Additionally, since most companies do not state their industry, we previously developed a US-only ML service, which imputes the business industry by analyzing its financial documents. When the UK and Canadian governments asked Intuit to help them assess the financial impact of the COVID-19 pandemic on different industries, we expanded the machine learning model to include businesses outside the US and managed to do so within days and with high accuracy.

Do you have current needs for xAI? How do you see this trend impacting your work?

Explainable AI is one of my top personal interests, and I think this is an important field for any data scientist to have good theoretical and practical knowledge of in their practice. Understanding model decisions helps us in our day-to-day work to debug and optimize our models and understand model decisions.

At Intuit, we strive for the right level of transparency in our AI – taking into consideration the intended use of the AI and its impact on customers.

What are the main technology trends that are most likely to impact your work in the near future?

As AI is integrated into more and more domains and products, I assume we will be working to solve new and challenging problems using ML and data science in the future. I personally don’t believe that AutoML-type solutions are going to be taking over the industry, as most of the models we create require more than just running an automated pipeline. Domain knowledge, correct data handling, business understanding, etc., are all critical to the success of our models. However, parts of the process could be automated to speed things up and enable teams to support more use cases.

What are the main improvements and investment areas planned for your AI/ML activities in the next two years?

We experiment and develop with AI and emerging technologies to create a platform that is evening the odds for customers while upholding our ethics to deploy data for good. Machine learning empowers our customers with insights so they can make data-driven decisions.

Nowadays, there is more data being created than ever before, and this data is the fuel to the fire of data-driven algorithms.

We’re also pioneering different methodologies in predictive intelligence. We are one of the first tech companies to research time series modeling using confidence intervals, which enables us to make predictions for our customers with a higher rate of accuracy. Using natural language processing, we’re also humanizing our technology, so people interact more naturally and make better decisions about managing their money.

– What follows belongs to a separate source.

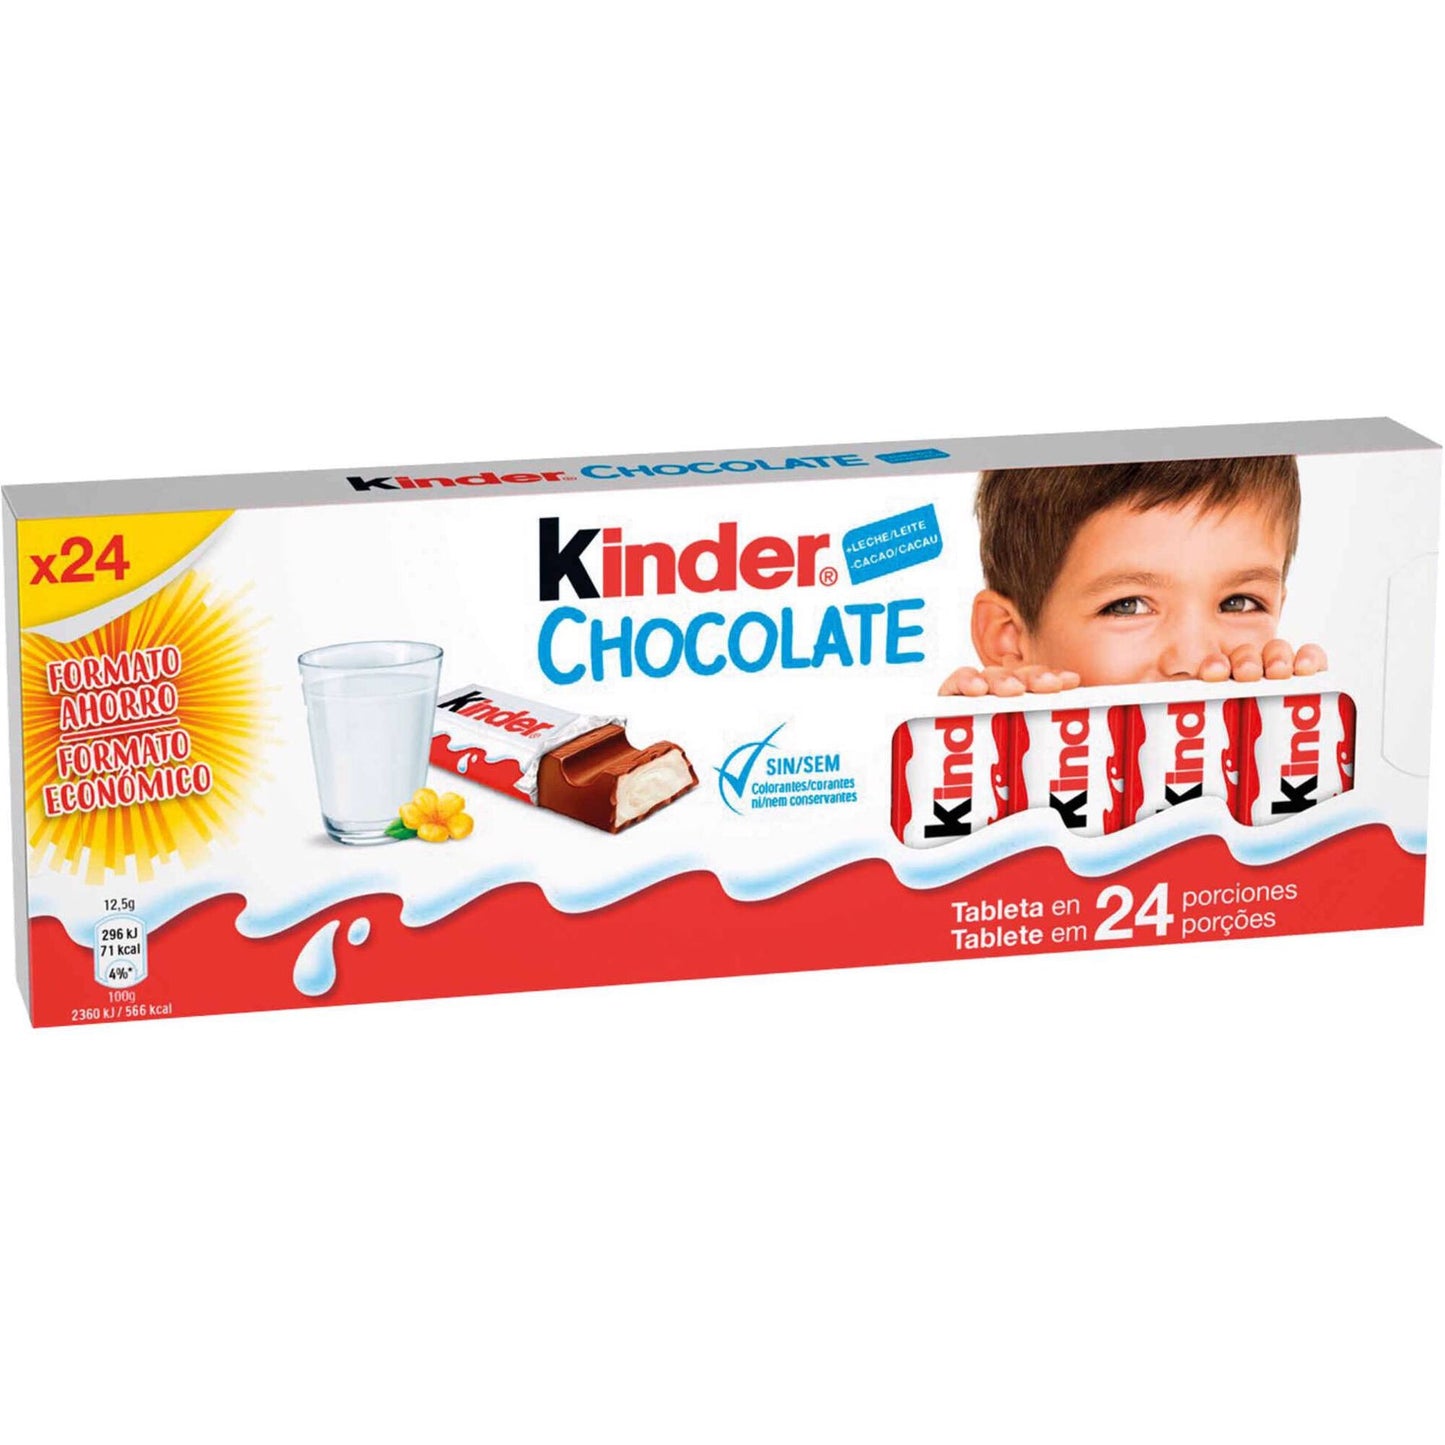 Lanche de Chocolate ao Leite Kinder 24 x 12,5 gr
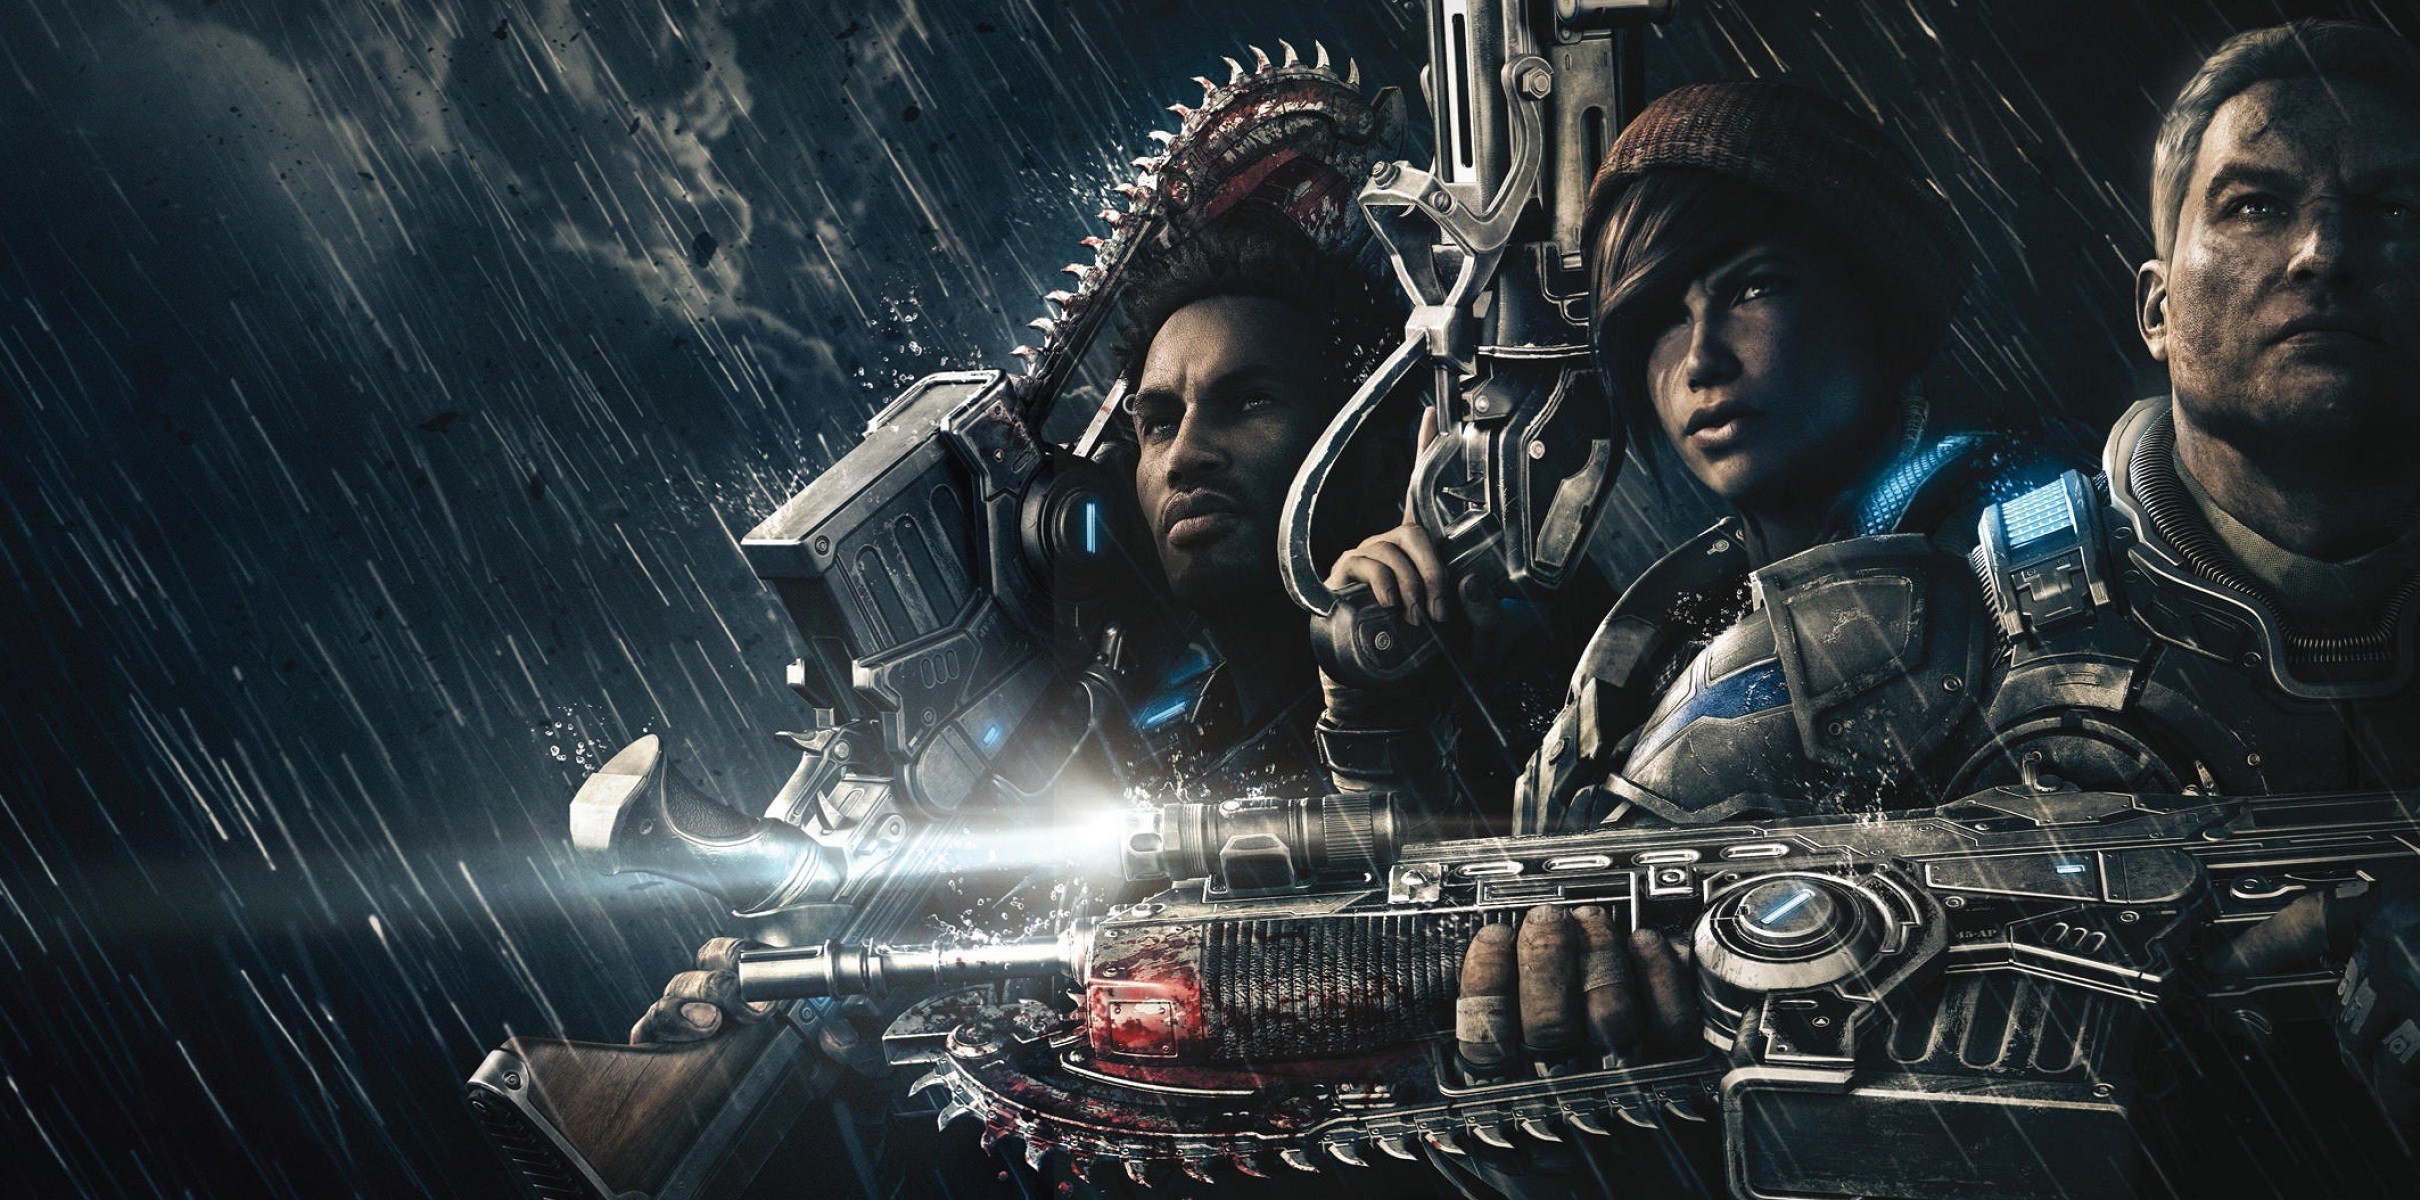 fondo de pantalla de gears of war 4,juego de acción y aventura,película,cg artwork,juego de pc,película de acción

As we keep hearing about more and more “AI fails,” what’s keeping you up at night?

I have to say that thankfully, throughout my career as a data scientist, I haven’t experienced many “AI fails.” That is not to say that there aren’t challenges – of course, there are. But we’ve been able to overcome most of these challenges quickly and come out stronger and wiser (and with better monitoring systems).

In general, the fact that no model is 100% accurate (or at least no real-world model) is something that must be taken into account when incorporating AI into products. This can be mitigated by adding decisioning layers – manual or automated – which can be taken together with the model score to optimize performance even for the toughest edge cases.